I would say that we are not telling people to go and change their entire enterprise over to OCS today. We believe we have some pretty good constructs in our architecture which are good building blocks. And then we have a road map to enable more things. For example, OCS has a two-tier architecture, where we have these front-ends, which are stateless. Then the backend is based on SQL Server. You run these systems in a redundant, failover model. So basically if you have failure and one backend goes down, then the other one seamlessly picks up without a hitch. If the front-end fails, the client immediately reconnects to the other front-end.

Then we have some planned things we are looking at, such as geographical failover. That's the kind of stuff we're working on in our roadmap. What happens if you are working in a branch office, and your WAN link goes down, how does the egress happen backwards over the PSTN? Those are the kinds of things which we are going to be enabling. And we are on a very rapid pace of shipping software.
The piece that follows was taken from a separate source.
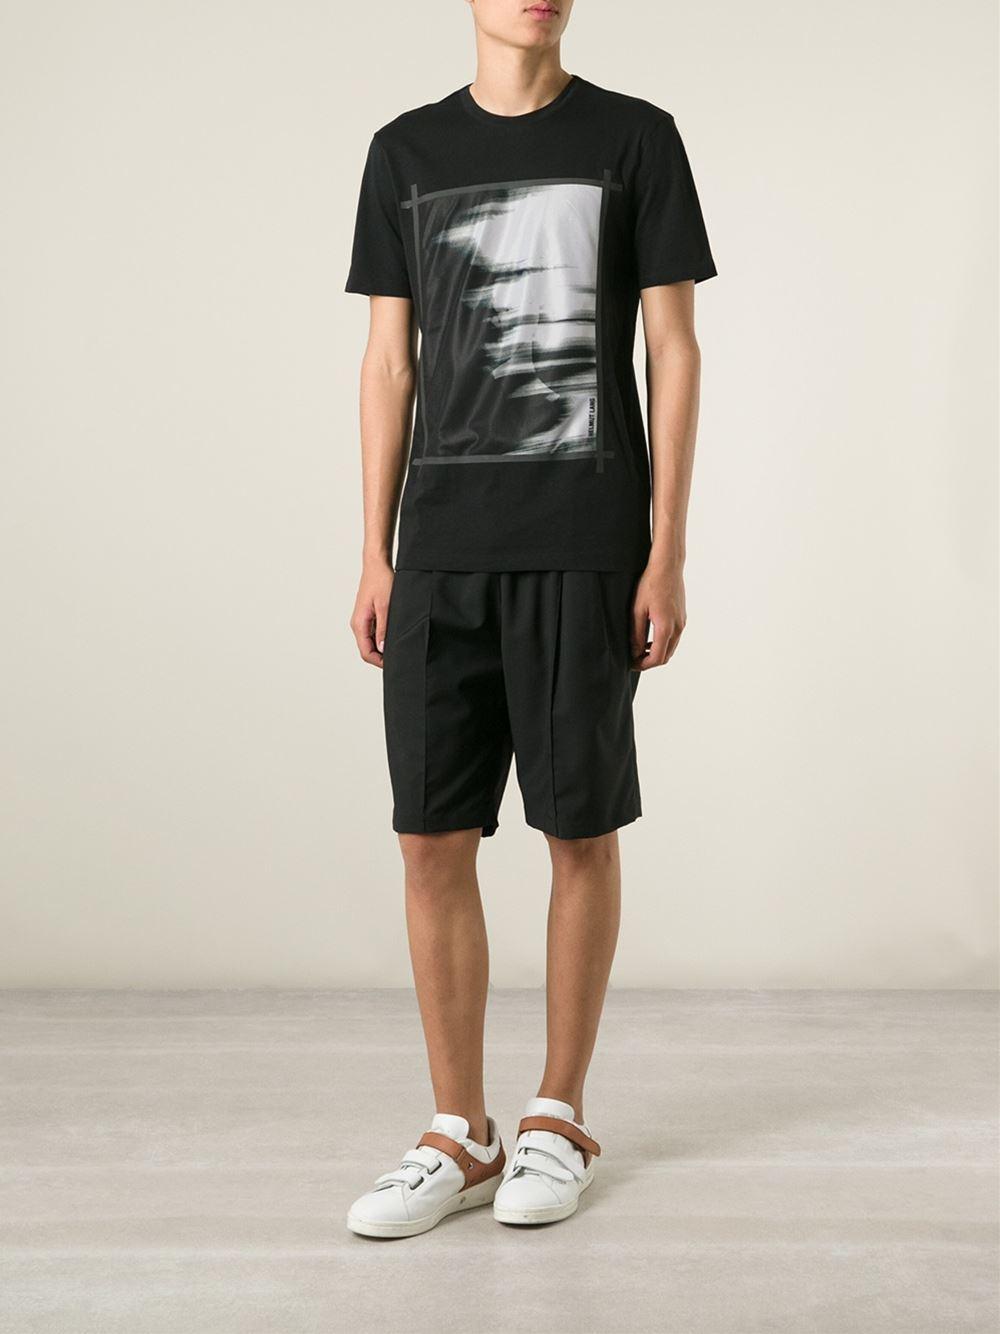 helmut lang 39 ghost 39 mesh panel t shirt in black for men lyst. Black Bedroom Furniture Sets. Home Design Ideas

But fundamentally, the approach is slightly different. In the old telephony world, it was, start with a phone, have a separate wire, run it into a separate cabinet, and have different boxes. We're saying lets use some of the practices we've learned from the Internet and the rolling out of data applications, and apply them to the voice world and the rolling out of data applications and apply them to the voice world. Microsoft.com is one of the most attacked sites in the world. All these hackers all over are trying to bring it down. But it's up and running 99.8 percent to 99.9 percent of the time. So if you can run a service like that, using the things that you learned how to do in the data world, we can do that in the voice world. It's that kind of approach.